The study of epigraphy is the microscope while the study of human aging,
extending human lifespan is the telescope that lets us see the stars in the
future. With Epigraphy you can change dates in human history which changes a
lot of what we thought we knew about ourselves.

The best NLP is based on principles that underpin epigraphy combined with
neuroscience and research in cognition. The interesting part is that
unbeknownst to most, the study of the past (epigraphy/NLP) is being used to
solve for the future (space biosciences - LET radition, DNA repair, extending
human lifespan making real space travel possible for the purpose of inhabiting
other planets). Sounds out there, but this is what we work on at
LBNL/DOE/DARPA/NASA related to predicting new interactions between proteins,
genes etc.

Fun fact: Epigraphy, ciphers/deciphering, info security, cryptography are all
related [2]

[1]
[https://en.wikipedia.org/wiki/Epigraphy](https://en.wikipedia.org/wiki/Epigraphy)
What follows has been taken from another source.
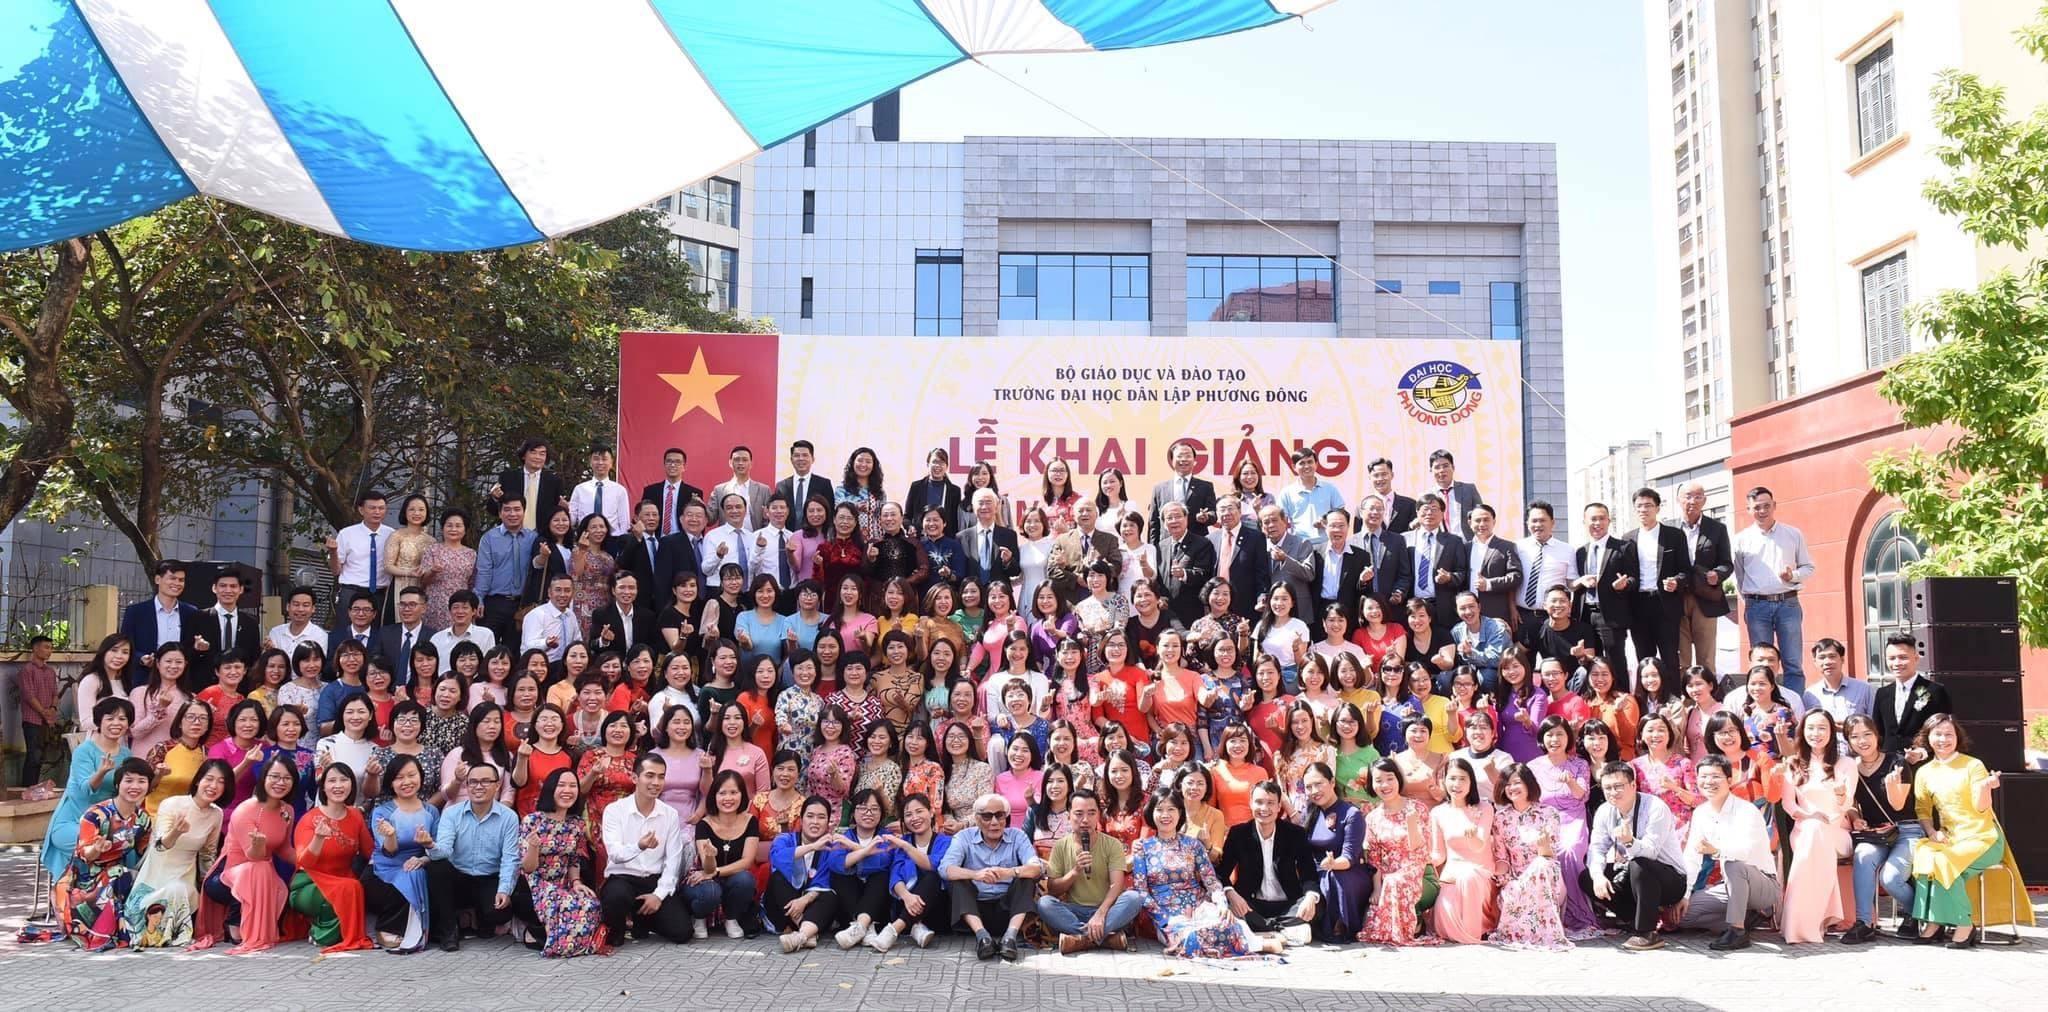 Trường Đại học Phương Đông tổ chức lễ khai giảng năm học 2020-2021 và kỷ niệm 26 năm thành lập Trường

[2] From the epigraphy mailing list:

"Georges Depeyrot <Georges.depeyrot@ehess.fr>

To: epigraphy@yahoogroups.com

Sep 20, 2003 at 10:28 PM

Dear List members, We are publishing books on numismatics and economy (see
Moneta <[http://www.cultura-net.com/moneta/content.htm>](http://www.cultura-
net.com/moneta/content.htm>)). I just want to inform you that one of the books
in press is devoted to "coins, money and epigraphy, 1st - 3rd c." (author, Pr
St. Mrozek, Uty of Gdansk, Poland). It will concern the Roman Empire."

------
vectorEQ
cuneiform has a lot of data, i would be more interested though in things that
people claim to have translated already, like for instance Egyptian
hieroglyphs where theres a solid body convinced it's all correctly translated
,but some parties dispute some basic symbols which change the meanings of
texts dramatically.

------
davidw
Skynet trained on ancient Sumerian texts... I like the potential storyline.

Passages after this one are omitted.